Recording experience can be arranged in the form of a table. See Appendix #3.

The value of the constancy of the salt composition of blood plasma.

The reasons for the destruction of erythrocytes under the pressure of blood water can be explained as follows. Erythrocytes have a semi-permeable membrane; it allows water molecules to pass through, but poorly passes salt ions and other substances. In erythrocytes and blood plasma, the percentage of water is approximately equal, therefore, in a certain unit of time, approximately the same number of water molecules enter the erythrocyte from the plasma as it leaves the erythrocyte into the plasma. When blood is diluted with water, the water molecules outside the red blood cells become larger than inside. As a result, the number of water molecules penetrating into the erythrocyte also increases. It swells, its membrane stretches, the cell loses hemoglobin. It goes into plasma. The destruction of red blood cells in the human body can occur under the influence of various substances, such as viper venom. Once in the plasma, hemoglobin is quickly lost: it easily passes through the walls of blood vessels, is excreted from the body by the kidneys, and is destroyed by the liver tissues.

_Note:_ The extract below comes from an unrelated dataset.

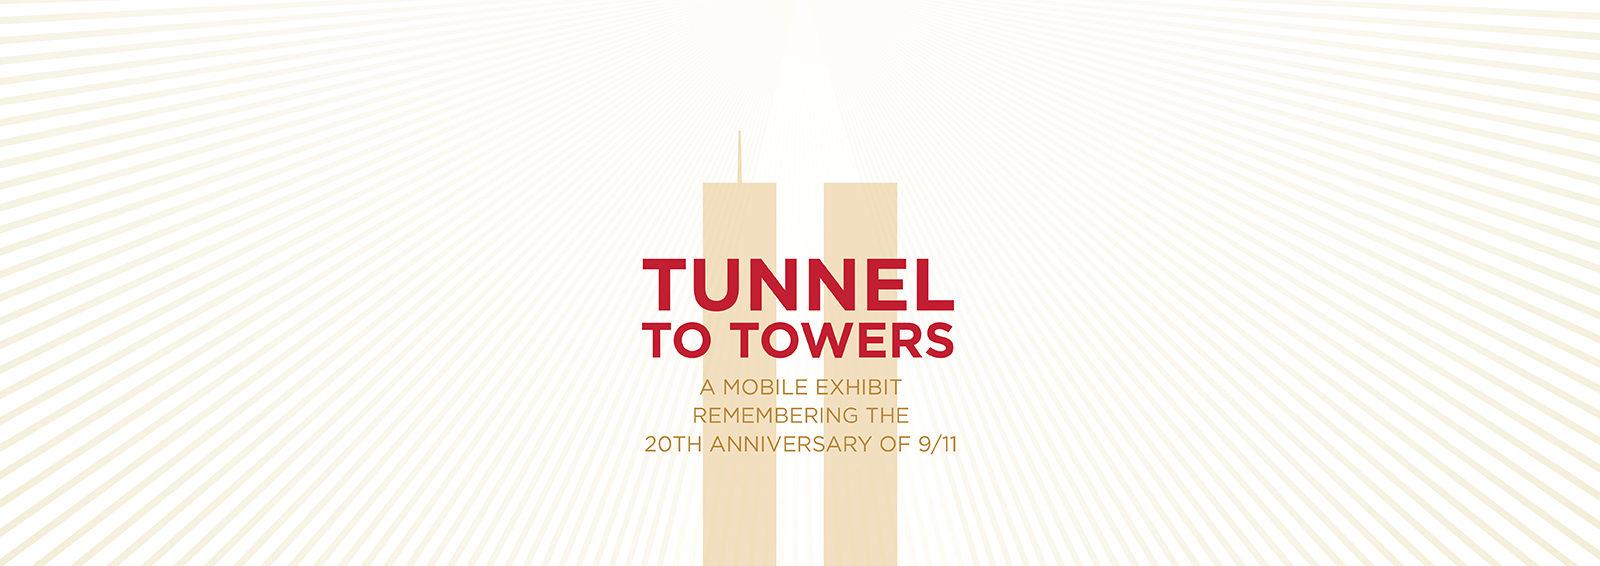 Tunnel To Towers A Mobile Exhibit Remembering The 20th Anniversary of 9/11

Violation of the plasma composition, like any other violation of the constancy of the composition of the internal environment, is possible only within relatively small limits. Due to nervous and humoral self-regulation, deviation from the norm causes changes in the body that restore the norm. Significant changes in the constancy of the composition of the internal environment lead to disease, and sometimes even cause death.

A student in a red robe and a red blood cell crown with balloons in his hands:

Everything that is contained in the blood, everything that it carries through the vessels, is intended for the cells of our body. They take everything they need from it and use it for their own needs. Only the oxygen-containing substance should be intact. After all, if it settles in the tissues, breaks down there and is used for the needs of the body, it will become difficult to transport oxygen.

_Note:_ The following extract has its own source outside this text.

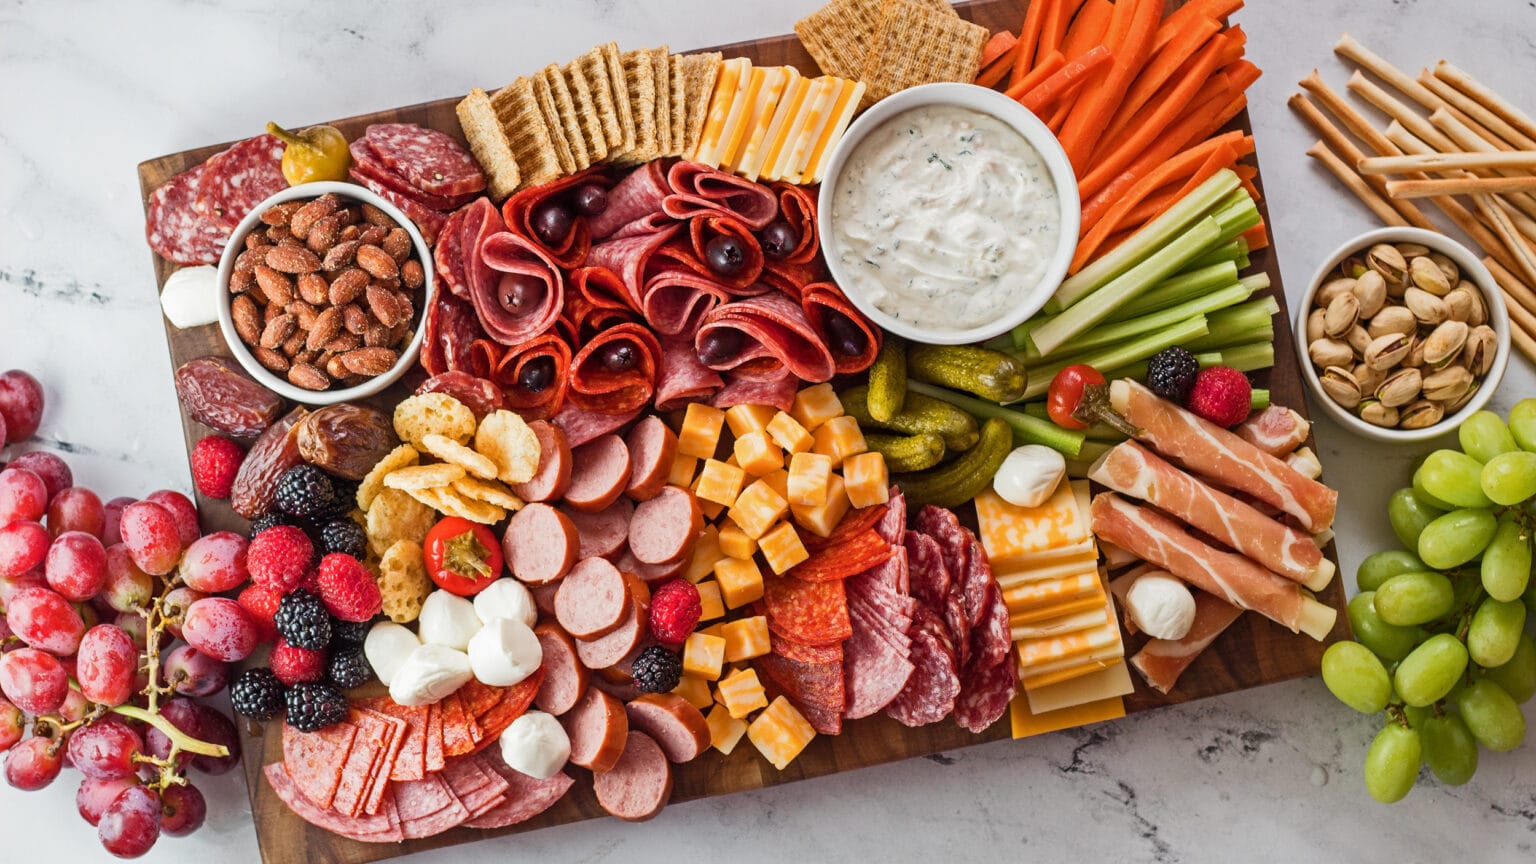 Charcuterie Board from Simple to Holiday Centerpiece

At first, nature went to the creation of very large molecules, the molecular weight of which is two, sometimes ten million times more than a volume of hydrogen, the lightest substance. Such proteins are not able to pass through cell membranes, “getting stuck” even in fairly large pores; that is why they were kept in the blood for a long time and could be used many times. For higher animals, a more original solution was found. Nature provided them with hemoglobin, the molecular weight of which is only 16 thousand times greater than that of a hydrogen atom, but in order to prevent hemoglobin from getting to the surrounding tissues, it placed it, as in containers, inside special cells circulating with blood - erythrocytes.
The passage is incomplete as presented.